I’ve got a stash in my freezer right now, and it’s a lifesaver on weeknights. Just pull out a cube or two, and boom, instant flavor for whatever I’m throwin’ together.

Wrappin’ It Up: Apples and Chicken Stock Are Your New BFFs

So, can you put apples in chicken stock? You bet your apron you can! This ain’t just some trendy nonsense—it’s a legit way to level up your broth with a sweet-savory twist that’s as versatile as it is tasty. Whether you’re simmerin’ up a pot for soup, jazzin’ up a risotto, or makin’ a gravy that’ll have folks lickin’ the plate, apple-infused stock brings somethin’ special to the table.

I’ve been messin’ with this combo for a while now, and every time I make it, I’m reminded why I started. It’s easy, it’s cheap if you’ve got scraps lyin’ around, and it makes me feel like a proper chef without much extra work. So next time you’re starin’ at an apple and wonderin’ what to do with it, don’t just bake a pie—toss it in your stockpot and see what happens. I’m bettin’ you’ll be just as hooked as I am.

Got questions or your own weird stock hacks? Drop ‘em below—I’m all ears. Let’s keep this kitchen convo goin’ and swap some ideas. Happy cookin’, y’all!

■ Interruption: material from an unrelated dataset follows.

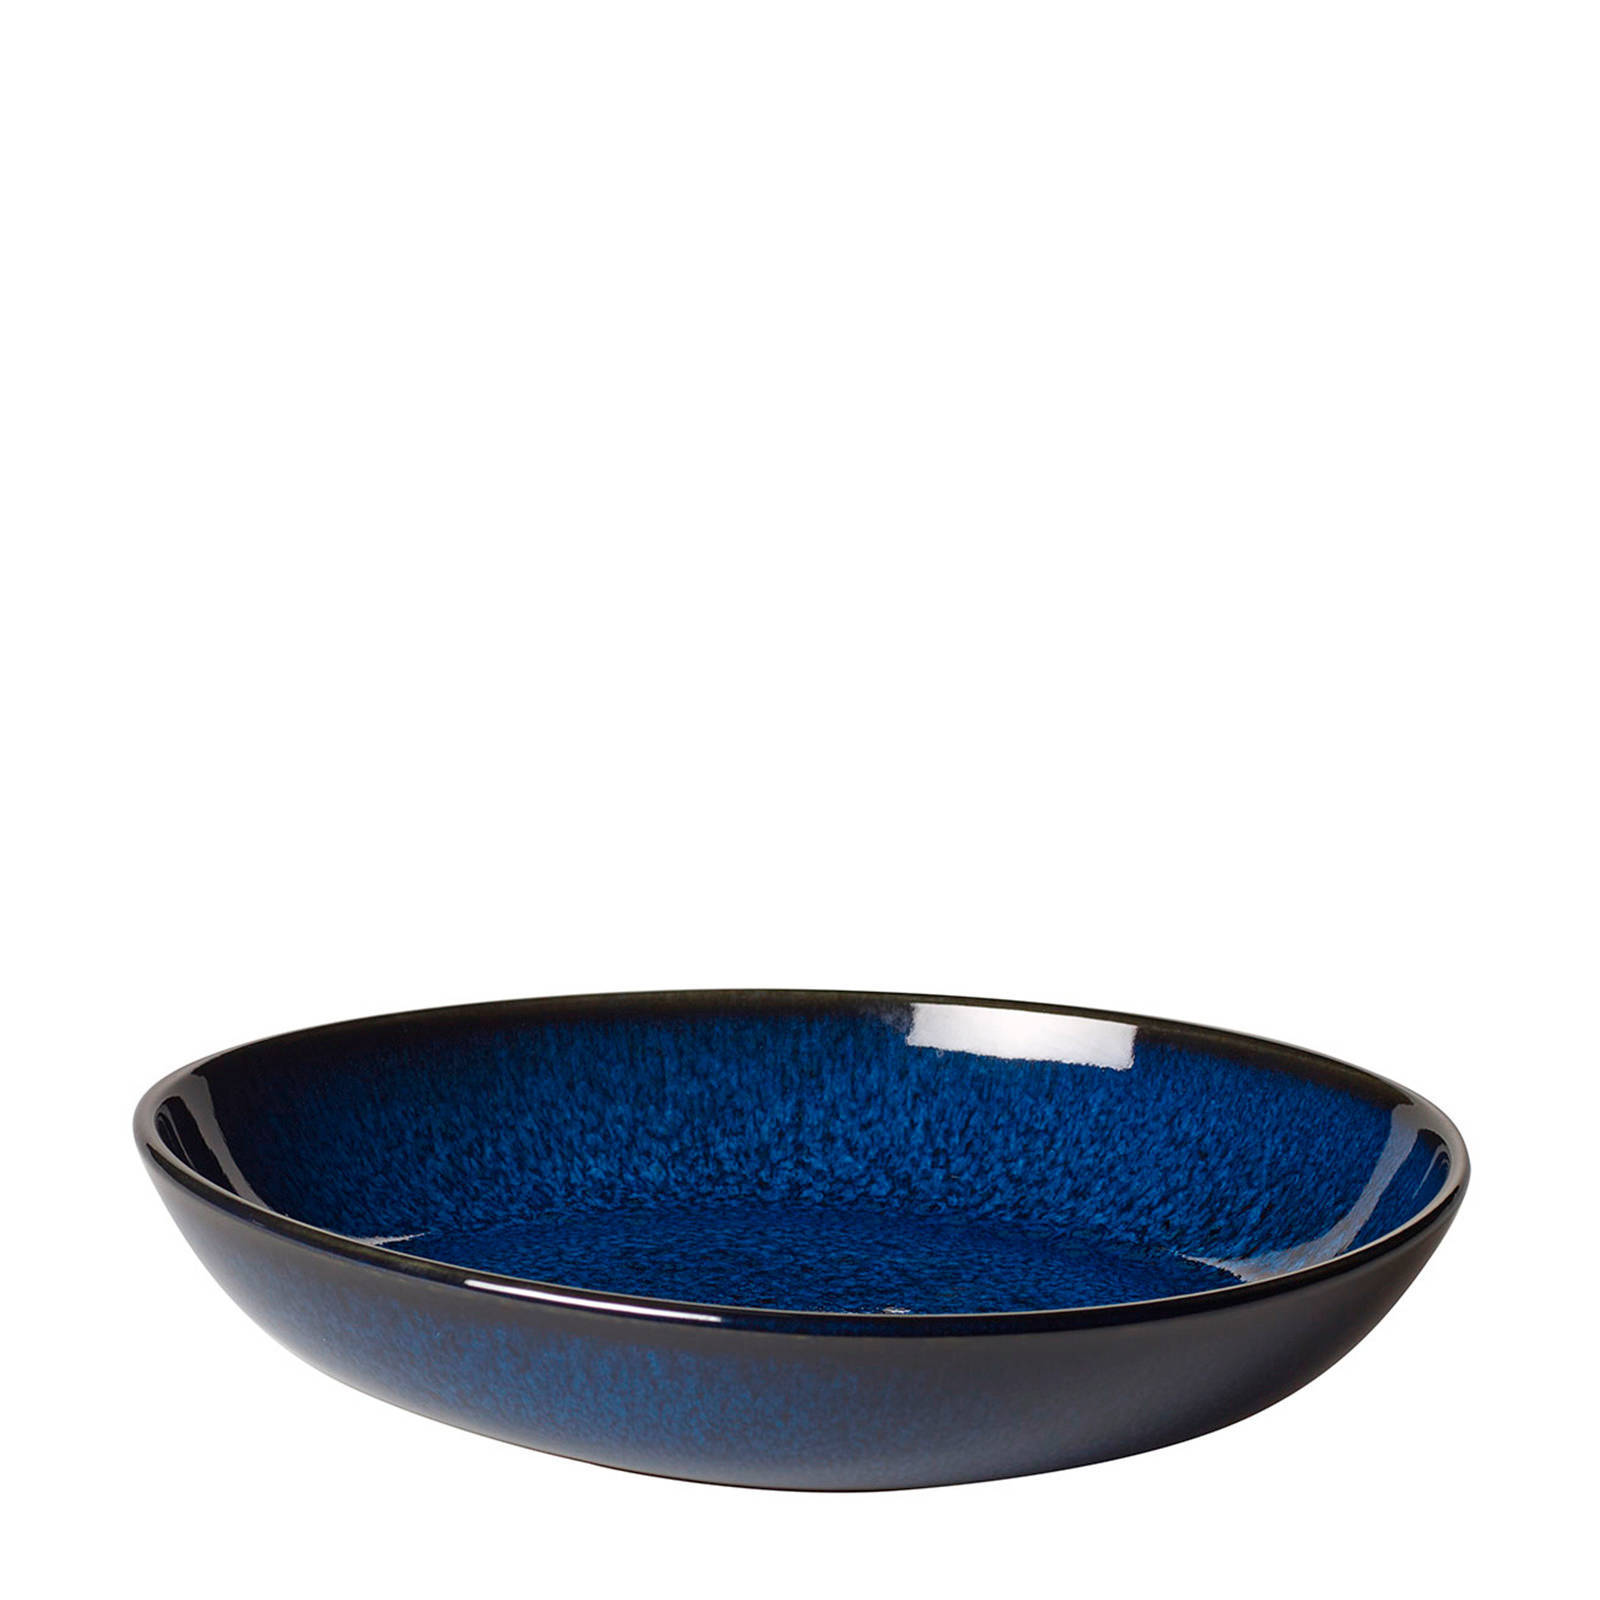 Villeroy & Boch Lave Bleu Schaal 22 cm aardewerk online kopen

can you put apples in chicken stock

Welcome to My Kitchen! Let’s Make this Chicken and Apple Recipe

can you put apples in chicken stock

can you put apples in chicken stock

can you put apples in chicken stock

can you put apples in chicken stock

can you put apples in chicken stock

can you put apples in chicken stock

can you put apples in chicken stock

can you put apples in chicken stock

can you put apples in chicken stock

can you put apples in chicken stock

If you have apple cider on hand, you need to try this variation! For an apple cider chicken skillet, use ½ chicken stock and ⅓ cup apple cider in place of the ⅔ chicken stock. I love this version but don’t always have apple cider on hand. However, when I do, I am for sure making this version of the dish!

can you put apples in chicken stock

Chicken, Apples & Onion Skillet Magic

I don’t know about you, but I love the combination of chicken and apples, (just check out this slow cooker apple cider chicken and chicken sausage apple skillet to understand how much I dig this flavor combo!). And when sweet apples are combined with savory garlic, onion, and herbs, they are the perfect accompaniment to chicken — trust me, even if you aren’t normally a fan of fruit in savory dishes, this recipe might just change your mind. This recipe is truly a stunner, and on top of that, it’s easy to prep (hello minimal chopping), requires just a few ingredients, and comes together in 30 minutes or less (i.e. a dream meal). So, no wonder this chicken and apple recipe is my new favorite for weeknights and entertaining alike!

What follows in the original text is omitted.